Top of Records to process
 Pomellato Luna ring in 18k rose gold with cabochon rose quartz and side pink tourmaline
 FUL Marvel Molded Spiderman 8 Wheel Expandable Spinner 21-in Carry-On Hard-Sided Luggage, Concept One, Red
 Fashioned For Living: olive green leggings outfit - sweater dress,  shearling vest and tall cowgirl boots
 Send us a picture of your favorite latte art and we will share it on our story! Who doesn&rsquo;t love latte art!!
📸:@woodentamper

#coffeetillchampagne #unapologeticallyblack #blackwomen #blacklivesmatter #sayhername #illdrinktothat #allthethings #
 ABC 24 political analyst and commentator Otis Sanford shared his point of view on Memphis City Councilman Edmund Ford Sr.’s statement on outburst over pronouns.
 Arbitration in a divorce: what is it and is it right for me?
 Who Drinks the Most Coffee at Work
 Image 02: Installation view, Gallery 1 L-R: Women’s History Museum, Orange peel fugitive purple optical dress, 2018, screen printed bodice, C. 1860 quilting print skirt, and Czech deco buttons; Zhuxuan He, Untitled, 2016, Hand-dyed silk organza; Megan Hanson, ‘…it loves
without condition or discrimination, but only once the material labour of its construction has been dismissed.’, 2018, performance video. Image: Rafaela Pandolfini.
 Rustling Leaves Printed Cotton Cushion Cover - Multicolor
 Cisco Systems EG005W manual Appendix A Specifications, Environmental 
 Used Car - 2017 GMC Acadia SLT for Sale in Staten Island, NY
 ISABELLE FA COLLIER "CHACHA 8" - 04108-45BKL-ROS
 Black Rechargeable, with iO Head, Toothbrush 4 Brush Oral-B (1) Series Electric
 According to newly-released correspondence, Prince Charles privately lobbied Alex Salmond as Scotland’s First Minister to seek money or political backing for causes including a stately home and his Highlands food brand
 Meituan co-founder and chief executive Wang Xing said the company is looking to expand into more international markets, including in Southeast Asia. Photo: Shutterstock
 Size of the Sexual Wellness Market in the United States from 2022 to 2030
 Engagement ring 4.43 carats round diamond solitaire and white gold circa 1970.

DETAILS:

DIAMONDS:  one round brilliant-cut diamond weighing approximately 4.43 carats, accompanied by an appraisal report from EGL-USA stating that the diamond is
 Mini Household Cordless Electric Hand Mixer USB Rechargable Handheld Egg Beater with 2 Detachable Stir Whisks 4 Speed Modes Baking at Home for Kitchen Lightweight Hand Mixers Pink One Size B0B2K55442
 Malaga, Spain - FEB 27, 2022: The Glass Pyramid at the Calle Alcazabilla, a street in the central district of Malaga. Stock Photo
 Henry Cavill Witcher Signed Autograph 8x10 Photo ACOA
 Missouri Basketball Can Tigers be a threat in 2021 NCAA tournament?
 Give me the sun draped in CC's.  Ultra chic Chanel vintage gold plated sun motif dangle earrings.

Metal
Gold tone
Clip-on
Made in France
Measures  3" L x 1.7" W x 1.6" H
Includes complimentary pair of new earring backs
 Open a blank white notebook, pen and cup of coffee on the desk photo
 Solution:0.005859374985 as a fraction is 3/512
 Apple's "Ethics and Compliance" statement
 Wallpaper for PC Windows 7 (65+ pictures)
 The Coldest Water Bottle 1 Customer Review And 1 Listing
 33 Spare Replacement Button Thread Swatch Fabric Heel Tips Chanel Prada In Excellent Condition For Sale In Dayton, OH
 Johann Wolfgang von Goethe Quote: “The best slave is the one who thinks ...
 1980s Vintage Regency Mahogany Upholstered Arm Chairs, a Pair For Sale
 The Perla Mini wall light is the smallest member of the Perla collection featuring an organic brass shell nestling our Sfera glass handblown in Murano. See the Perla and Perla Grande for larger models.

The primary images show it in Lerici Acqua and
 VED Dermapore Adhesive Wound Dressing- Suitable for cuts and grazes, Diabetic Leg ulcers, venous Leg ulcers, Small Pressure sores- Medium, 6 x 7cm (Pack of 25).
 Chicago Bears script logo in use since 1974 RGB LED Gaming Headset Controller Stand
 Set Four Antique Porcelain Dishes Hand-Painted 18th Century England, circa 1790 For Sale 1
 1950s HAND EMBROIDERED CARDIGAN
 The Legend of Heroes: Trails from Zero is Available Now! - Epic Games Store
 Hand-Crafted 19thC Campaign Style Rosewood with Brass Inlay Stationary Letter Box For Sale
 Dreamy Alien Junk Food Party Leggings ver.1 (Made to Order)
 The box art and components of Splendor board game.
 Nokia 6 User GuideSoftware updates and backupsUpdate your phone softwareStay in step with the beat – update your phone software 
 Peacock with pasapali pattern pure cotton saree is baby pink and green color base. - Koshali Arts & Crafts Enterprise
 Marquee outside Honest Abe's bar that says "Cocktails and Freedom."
Bottom of Records to process
Would you output the entire listing exactly as written?

Response area:
 Pomellato Luna ring in 18k rose gold with cabochon rose quartz and side pink tourmaline
 FUL Marvel Molded Spiderman 8 Wheel Expandable Spinner 21-in Carry-On Hard-Sided Luggage, Concept One, Red
 Fashioned For Living: olive green leggings outfit - sweater dress,  shearling vest and tall cowgirl boots
 Send us a picture of your favorite latte art and we will share it on our story! Who doesn&rsquo;t love latte art!!
📸:@woodentamper

#coffeetillchampagne #unapologeticallyblack #blackwomen #blacklivesmatter #sayhername #illdrinktothat #allthethings #
 ABC 24 political analyst and commentator Otis Sanford shared his point of view on Memphis City Councilman Edmund Ford Sr.’s statement on outburst over pronouns.
 Arbitration in a divorce: what is it and is it right for me?
 Who Drinks the Most Coffee at Work
 Image 02: Installation view, Gallery 1 L-R: Women’s History Museum, Orange peel fugitive purple optical dress, 2018, screen printed bodice, C. 1860 quilting print skirt, and Czech deco buttons; Zhuxuan He, Untitled, 2016, Hand-dyed silk organza; Megan Hanson, ‘…it loves
without condition or discrimination, but only once the material labour of its construction has been dismissed.’, 2018, performance video. Image: Rafaela Pandolfini.
 Rustling Leaves Printed Cotton Cushion Cover - Multicolor
 Cisco Systems EG005W manual Appendix A Specifications, Environmental 
 Used Car - 2017 GMC Acadia SLT for Sale in Staten Island, NY
 ISABELLE FA COLLIER "CHACHA 8" - 04108-45BKL-ROS
 Black Rechargeable, with iO Head, Toothbrush 4 Brush Oral-B (1) Series Electric
 According to newly-released correspondence, Prince Charles privately lobbied Alex Salmond as Scotland’s First Minister to seek money or political backing for causes including a stately home and his Highlands food brand
 Meituan co-founder and chief executive Wang Xing said the company is looking to expand into more international markets, including in Southeast Asia. Photo: Shutterstock
 Size of the Sexual Wellness Market in the United States from 2022 to 2030
 Engagement ring 4.43 carats round diamond solitaire and white gold circa 1970.

DETAILS:

DIAMONDS:  one round brilliant-cut diamond weighing approximately 4.43 carats, accompanied by an appraisal report from EGL-USA stating that the diamond is
 Mini Household Cordless Electric Hand Mixer USB Rechargable Handheld Egg Beater with 2 Detachable Stir Whisks 4 Speed Modes Baking at Home for Kitchen Lightweight Hand Mixers Pink One Size B0B2K55442
 Malaga, Spain - FEB 27, 2022: The Glass Pyramid at the Calle Alcazabilla, a street in the central district of Malaga. Stock Photo
 Henry Cavill Witcher Signed Autograph 8x10 Photo ACOA
 Missouri Basketball Can Tigers be a threat in 2021 NCAA tournament?
 Give me the sun draped in CC's.  Ultra chic Chanel vintage gold plated sun motif dangle earrings.

Metal
Gold tone
Clip-on
Made in France
Measures  3" L x 1.7" W x 1.6" H
Includes complimentary pair of new earring backs
 Open a blank white notebook, pen and cup of coffee on the desk photo
 Solution:0.005859374985 as a fraction is 3/512
 Apple's "Ethics and Compliance" statement
 Wallpaper for PC Windows 7 (65+ pictures)
 The Coldest Water Bottle 1 Customer Review And 1 Listing
 33 Spare Replacement Button Thread Swatch Fabric Heel Tips Chanel Prada In Excellent Condition For Sale In Dayton, OH
 Johann Wolfgang von Goethe Quote: “The best slave is the one who thinks ...
 1980s Vintage Regency Mahogany Upholstered Arm Chairs, a Pair For Sale
 The Perla Mini wall light is the smallest member of the Perla collection featuring an organic brass shell nestling our Sfera glass handblown in Murano. See the Perla and Perla Grande for larger models.

The primary images show it in Lerici Acqua and
 VED Dermapore Adhesive Wound Dressing- Suitable for cuts and grazes, Diabetic Leg ulcers, venous Leg ulcers, Small Pressure sores- Medium, 6 x 7cm (Pack of 25).
 Chicago Bears script logo in use since 1974 RGB LED Gaming Headset Controller Stand
 Set Four Antique Porcelain Dishes Hand-Painted 18th Century England, circa 1790 For Sale 1
 1950s HAND EMBROIDERED CARDIGAN
 The Legend of Heroes: Trails from Zero is Available Now! - Epic Games Store
 Hand-Crafted 19thC Campaign Style Rosewood with Brass Inlay Stationary Letter Box For Sale
 Dreamy Alien Junk Food Party Leggings ver.1 (Made to Order)
 The box art and components of Splendor board game.
 Nokia 6 User GuideSoftware updates and backupsUpdate your phone softwareStay in step with the beat – update your phone software 
 Peacock with pasapali pattern pure cotton saree is baby pink and green color base. - Koshali Arts & Crafts Enterprise
 Marquee outside Honest Abe's bar that says "Cocktails and Freedom."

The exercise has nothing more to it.